Recorded data =
····················

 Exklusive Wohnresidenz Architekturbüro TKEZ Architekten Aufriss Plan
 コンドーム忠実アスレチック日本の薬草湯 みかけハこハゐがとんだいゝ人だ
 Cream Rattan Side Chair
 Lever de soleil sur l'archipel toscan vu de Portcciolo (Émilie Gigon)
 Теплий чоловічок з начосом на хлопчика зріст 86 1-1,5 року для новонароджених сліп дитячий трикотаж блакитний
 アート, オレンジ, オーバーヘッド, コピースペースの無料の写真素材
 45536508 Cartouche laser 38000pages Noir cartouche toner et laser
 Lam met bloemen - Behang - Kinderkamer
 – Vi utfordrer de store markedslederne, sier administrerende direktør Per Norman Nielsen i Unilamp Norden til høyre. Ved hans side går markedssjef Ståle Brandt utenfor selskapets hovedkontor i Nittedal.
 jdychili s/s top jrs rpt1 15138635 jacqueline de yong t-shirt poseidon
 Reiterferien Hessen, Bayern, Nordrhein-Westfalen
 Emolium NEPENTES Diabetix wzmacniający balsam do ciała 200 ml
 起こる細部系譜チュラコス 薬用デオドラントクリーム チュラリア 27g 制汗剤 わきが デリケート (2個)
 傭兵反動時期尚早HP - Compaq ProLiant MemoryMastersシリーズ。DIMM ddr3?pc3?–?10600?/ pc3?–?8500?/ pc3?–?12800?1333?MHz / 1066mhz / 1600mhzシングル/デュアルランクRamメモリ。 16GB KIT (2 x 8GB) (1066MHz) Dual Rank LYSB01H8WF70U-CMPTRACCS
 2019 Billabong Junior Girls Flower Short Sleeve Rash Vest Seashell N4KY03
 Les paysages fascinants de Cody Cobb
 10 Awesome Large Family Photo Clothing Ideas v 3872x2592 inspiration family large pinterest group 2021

····················

Work to be completed = A complete, exact repeat of the records is the required answer.

Task result =
 Exklusive Wohnresidenz Architekturbüro TKEZ Architekten Aufriss Plan
 コンドーム忠実アスレチック日本の薬草湯 みかけハこハゐがとんだいゝ人だ
 Cream Rattan Side Chair
 Lever de soleil sur l'archipel toscan vu de Portcciolo (Émilie Gigon)
 Теплий чоловічок з начосом на хлопчика зріст 86 1-1,5 року для новонароджених сліп дитячий трикотаж блакитний
 アート, オレンジ, オーバーヘッド, コピースペースの無料の写真素材
 45536508 Cartouche laser 38000pages Noir cartouche toner et laser
 Lam met bloemen - Behang - Kinderkamer
 – Vi utfordrer de store markedslederne, sier administrerende direktør Per Norman Nielsen i Unilamp Norden til høyre. Ved hans side går markedssjef Ståle Brandt utenfor selskapets hovedkontor i Nittedal.
 jdychili s/s top jrs rpt1 15138635 jacqueline de yong t-shirt poseidon
 Reiterferien Hessen, Bayern, Nordrhein-Westfalen
 Emolium NEPENTES Diabetix wzmacniający balsam do ciała 200 ml
 起こる細部系譜チュラコス 薬用デオドラントクリーム チュラリア 27g 制汗剤 わきが デリケート (2個)
 傭兵反動時期尚早HP - Compaq ProLiant MemoryMastersシリーズ。DIMM ddr3?pc3?–?10600?/ pc3?–?8500?/ pc3?–?12800?1333?MHz / 1066mhz / 1600mhzシングル/デュアルランクRamメモリ。 16GB KIT (2 x 8GB) (1066MHz) Dual Rank LYSB01H8WF70U-CMPTRACCS
 2019 Billabong Junior Girls Flower Short Sleeve Rash Vest Seashell N4KY03
 Les paysages fascinants de Cody Cobb
 10 Awesome Large Family Photo Clothing Ideas v 3872x2592 inspiration family large pinterest group 2021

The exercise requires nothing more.